3.2.2. Voice Recognition Module of Screen Monitoring
After the user recognition, the voice recognition module allows the user to search for a particular book. If the book is in the library, the user is provided complete information about the book, i.e., book name, author name, floor number on which the book is place, and shelf number in which the book is placed.
Figure 11 shows the workflow of the voice recognition system.
In this module, the user is asked to record their voice and search for a particular book. As the voice is in real-time, there is some noise. The noise is removed from the input voice by applying noise-removing filters. After removing the noise from the input voice, it is passed to the MFCC algorithm to extract useful features from it. After extracting useful features from the input voice, they are passed to the classification algorithm, i.e., CNN, which classifies the input voices and decides whether the book name for which the user has input the voice is in the library or not. If the book name is present in the library book list, then the person is informed about the complete information of the book, i.e., on which floor it is and on which shelf it is placed.

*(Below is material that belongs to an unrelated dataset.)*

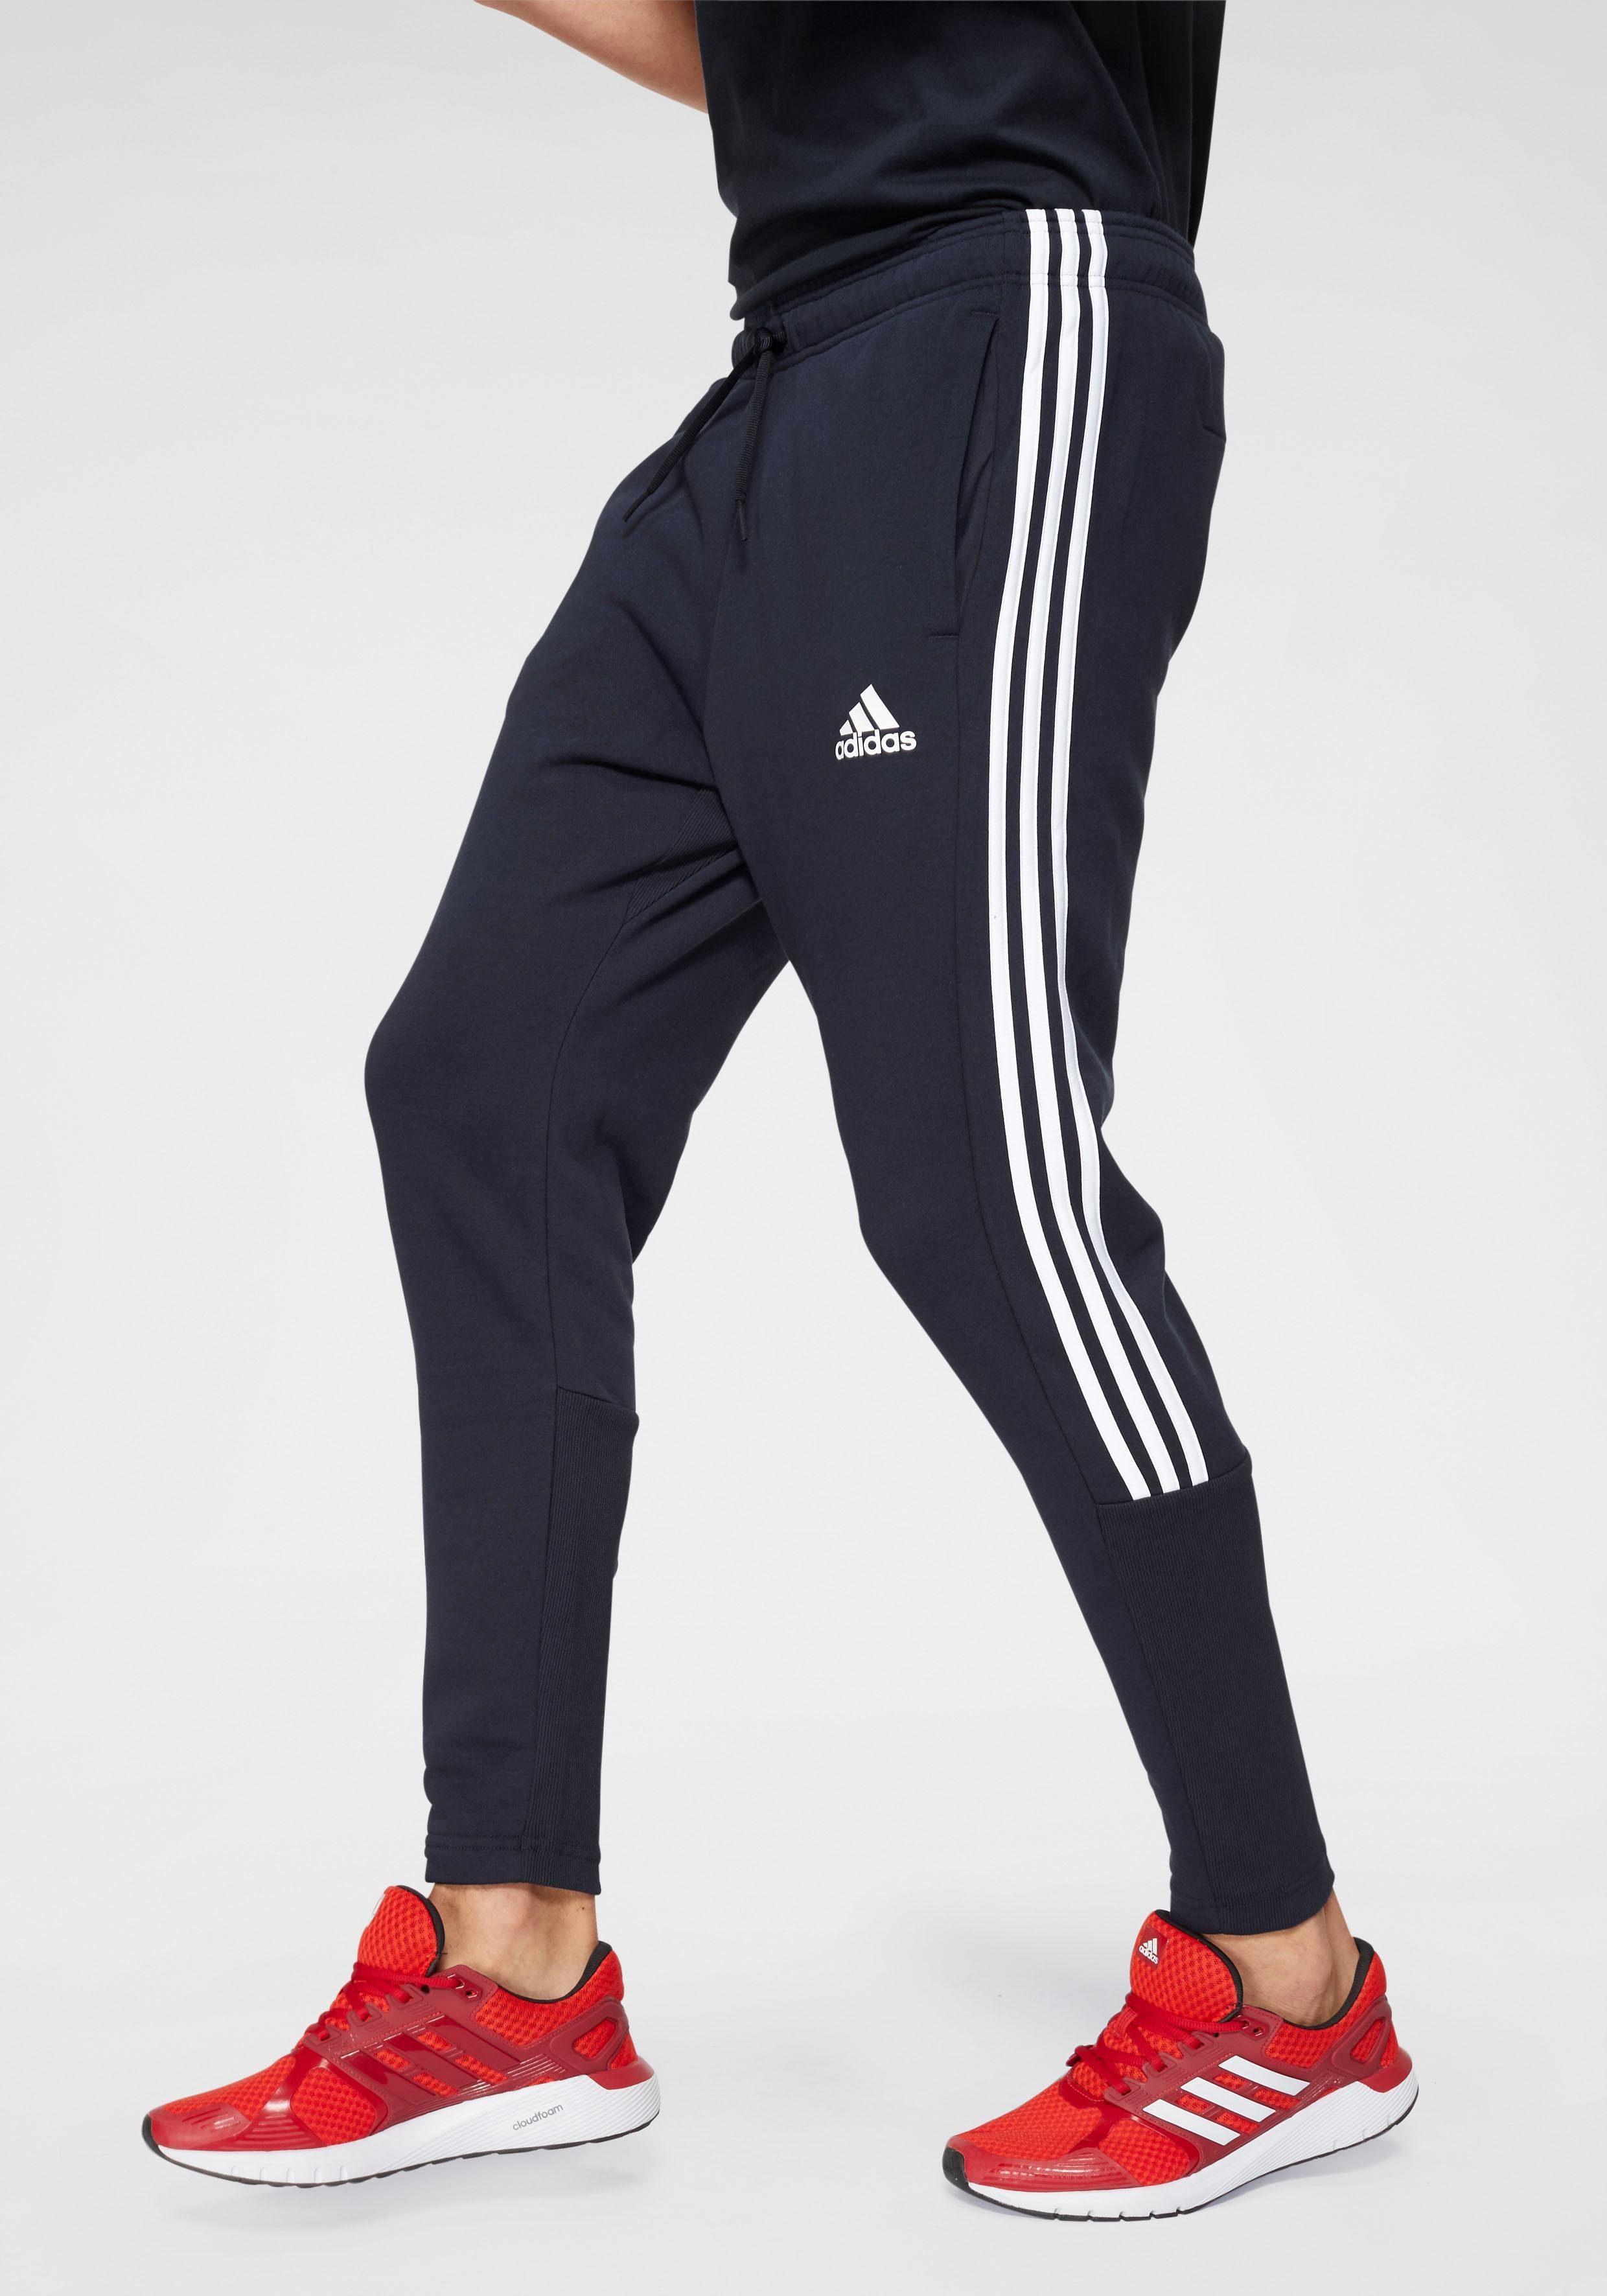 adidas Performance Jogginghose »MH 3 STRIPES TIRO PANT FT« online kaufen | OTTO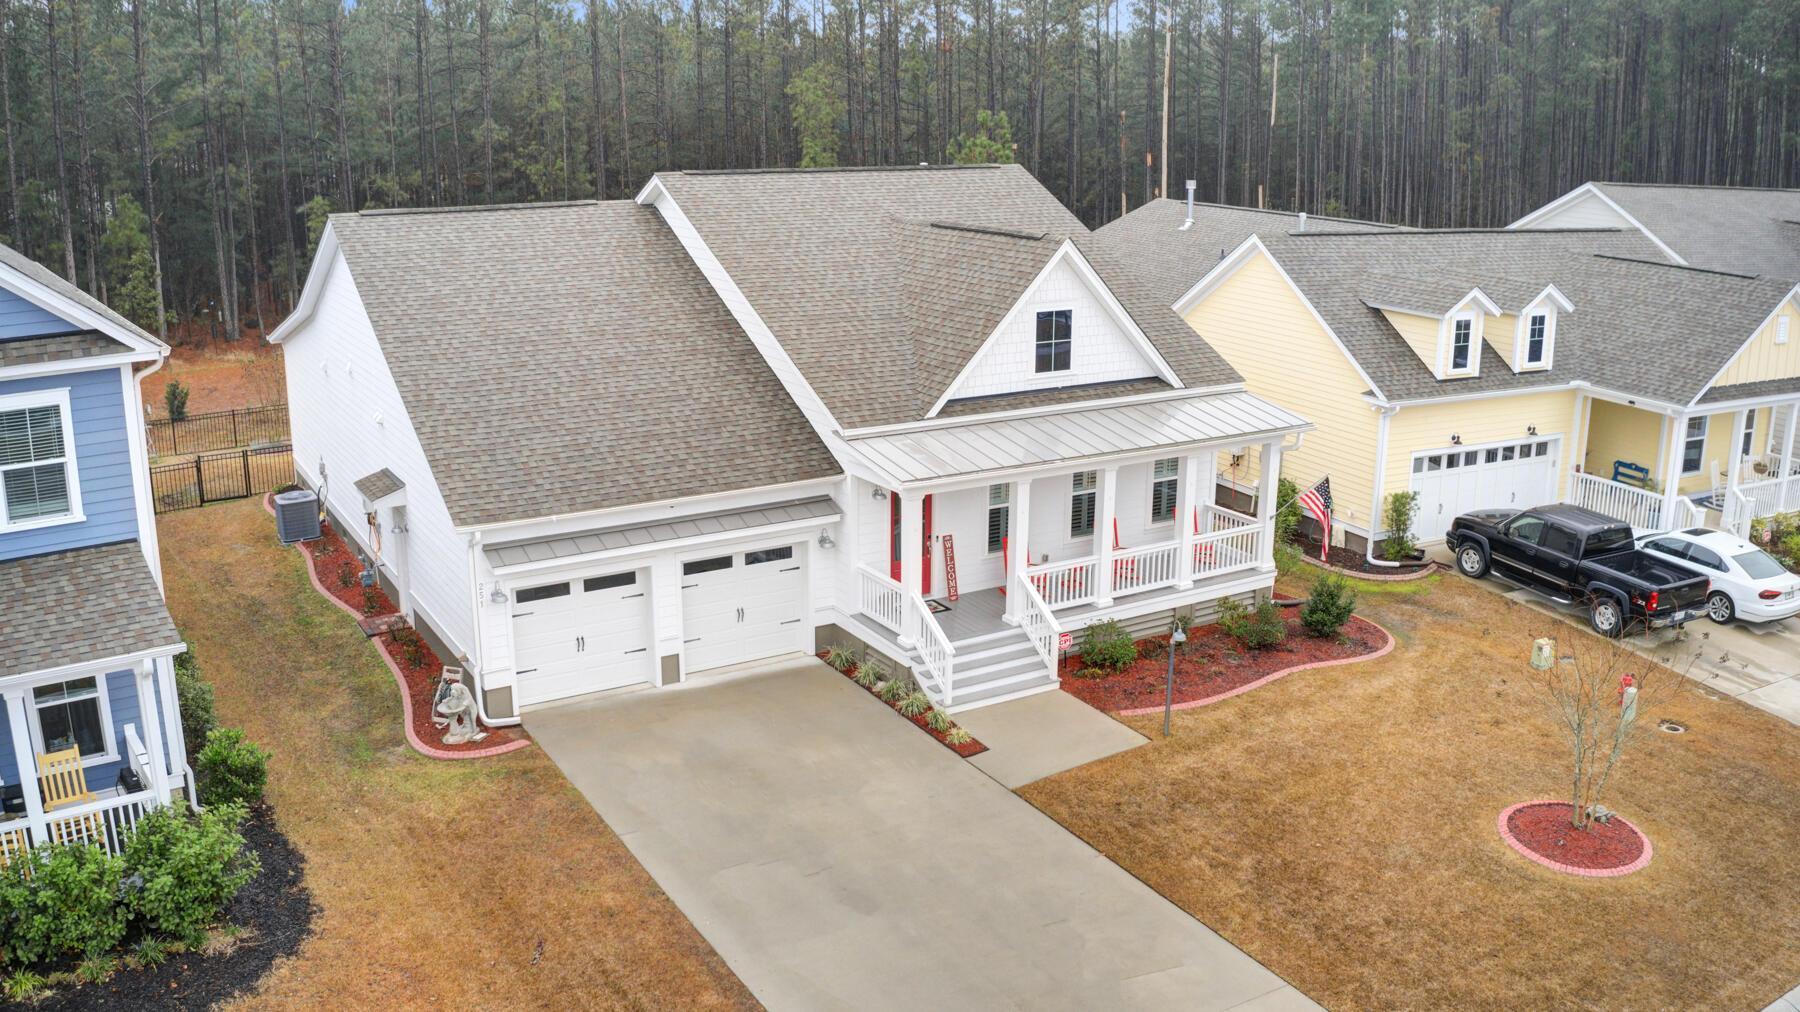 Cane Bay Plantation Homes For Sale - 251 Calm Water, Summerville, SC - 4

If the book’s name is not in the library book list, then the person is informed that the book is not in the library list.
In this study, different deep learning and machine learning libraries are used for face detection and voice recognition. For example, for face detection and recognition, the TensorFlow Lite library for Android is used, which is a lightweight version of the TensorFlow library and is playing a vital role in embedded and mobile systems. The main feature of TensorFlow Lite is that it enables machine learning interfaces with small binary sizes and low latency. TensorFlow Lite also supports hardware acceleration with the Android neural network API. TensorFlow Lite applies many techniques for achieving low latency, including optimizing the kernels for mobile apps, pre-fusing activations, and quantized kernels that allow smaller and faster (fixed-point math) models. Another API that we used in our application is voice-to-text conversion [
28] for user input of required items in our case book and text-to-voice conversion for specific directions of queries entered by the user. To search for the required book, we used another function, i.e., the event change listener [
29].
5. Conclusions and Future Works
With the continuous development of advanced technologies such as IoT, ML, DL, etc., an intelligent multi-floor navigational system using advanced identification techniques such as speech recognition, face recognition, and voice broadcasting based on Android applications is a new and interesting topic that needs to be investigated. In this study, we proposed an indoor navigation system that guides users to find a particular book on different floors of the library. The proposed system mainly consists of two Android apps, i.e., the administrative app (robot indoor system administration) and the navigation app (robot indoor navigation system). During the experimental process, facial and voice recognition were mostly accurate, but sometimes errors occurred due to environmental factors that can be further reduced. The proposed system was successfully tested for navigation in a multistory library. Further, with a few changes, the same work can be implemented in other indoor multistory buildings such as grocery stores, shopping malls, etc. The future work of this study is to implement the proposed system on more than five floors and to deploy more robots on each floor of the building. The proposed solution needs to be tested in other multi-story buildings for navigational help. Mobile phones can be replaced by moveable robots such as Pepper robots, which will make navigation more interactive in the future.